Been there done that, I can totally relate. There's billions upon billions of dollars sloshing around in this market, moving back and forth like there's no tomorrow, and all we can manage to capture is a few pennies here and there ..... if we're lucky.
Would you believe me if I told you I used to make around 50 trades per day trying to chase those elusive institutional money ? The only one who got rich was my broker.
I still fight the urge to overtrade to this very day. I never gave the idea of journalling any serious consideration until I came across this forum. It's tedious, time consuming, and a lot of work for what I previously thought was little reward. But I've come to the realization that all paths do lead to Rome. In other words, consistency is the holy grail. Chasing is reactive. Planning is proactive. Sounds cliche, but you really do have make it a habit to begin with the end in mind. What do you really want, and how serious are you to committing to attaining it?
I believe everyone's journey towards becoming a successful trader must go through what it personally means to them to be consistent. Day in, day out. For some, it comes easy to them, for they have a natural talent for this vocation.

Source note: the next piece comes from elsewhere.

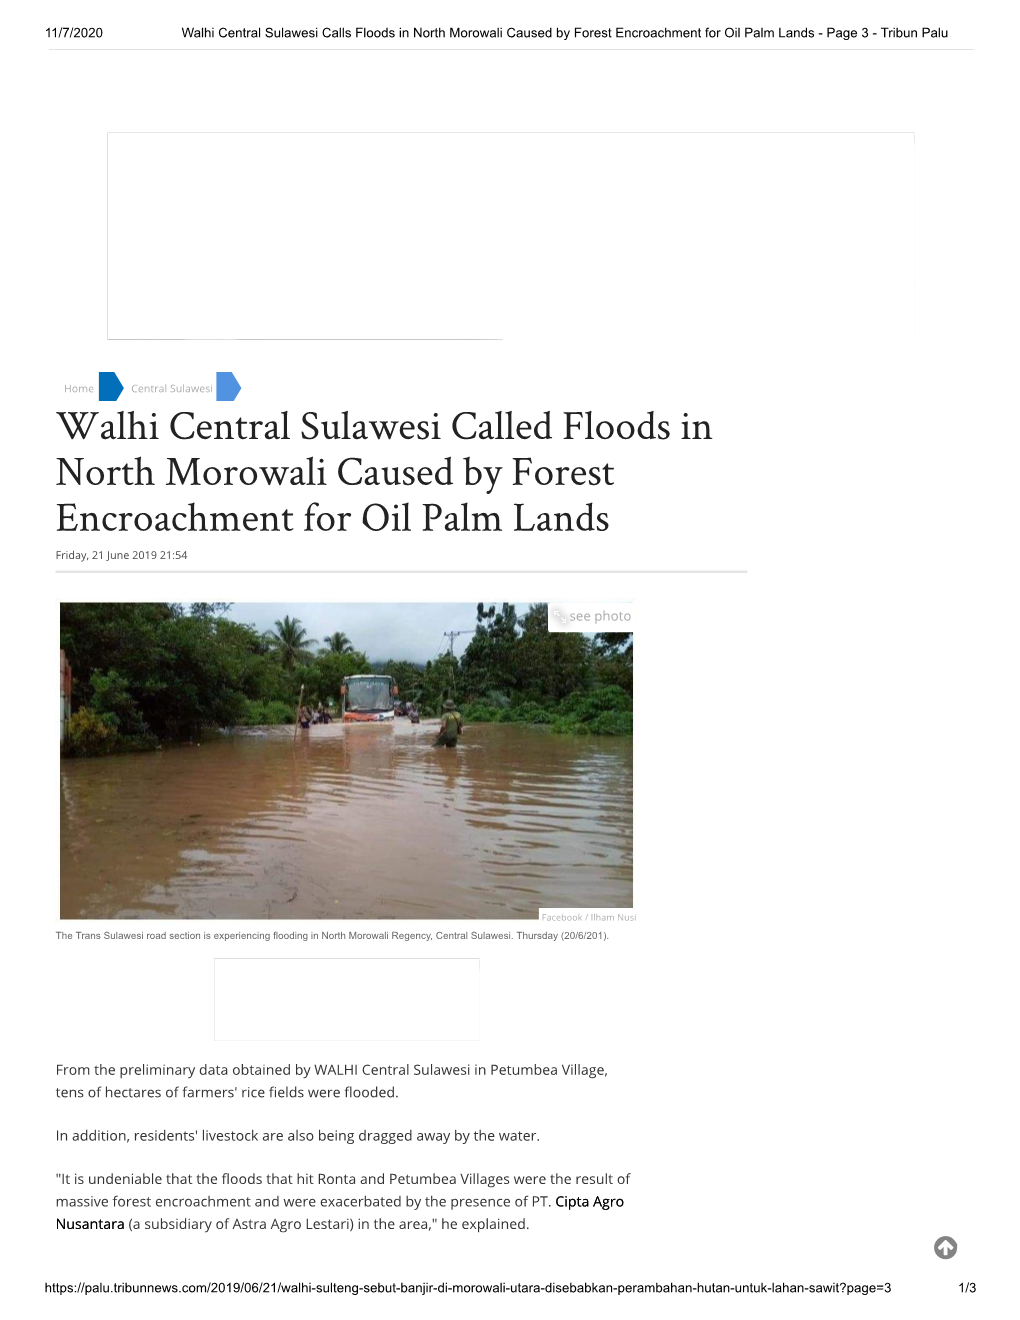 Walhi Central Sulawesi Called Floods in North Morowali Caused by Forest Encroachment for Oil Palm Lands Friday, 21 June 2019 21:54

For myself, I need to work at it not because I don't have the skill set, but because I have all this other "stuff". That is how the light bulb clicked with me, which motivated me enough to start the journalling, so I can shine the scope on what baggage I am carrying and how do deal with it. Those problems will never go away until I figure out how to deal with them.
We are competing with black boxes on the other side of the trade. The least we can do is execute consistently, almost like the machines........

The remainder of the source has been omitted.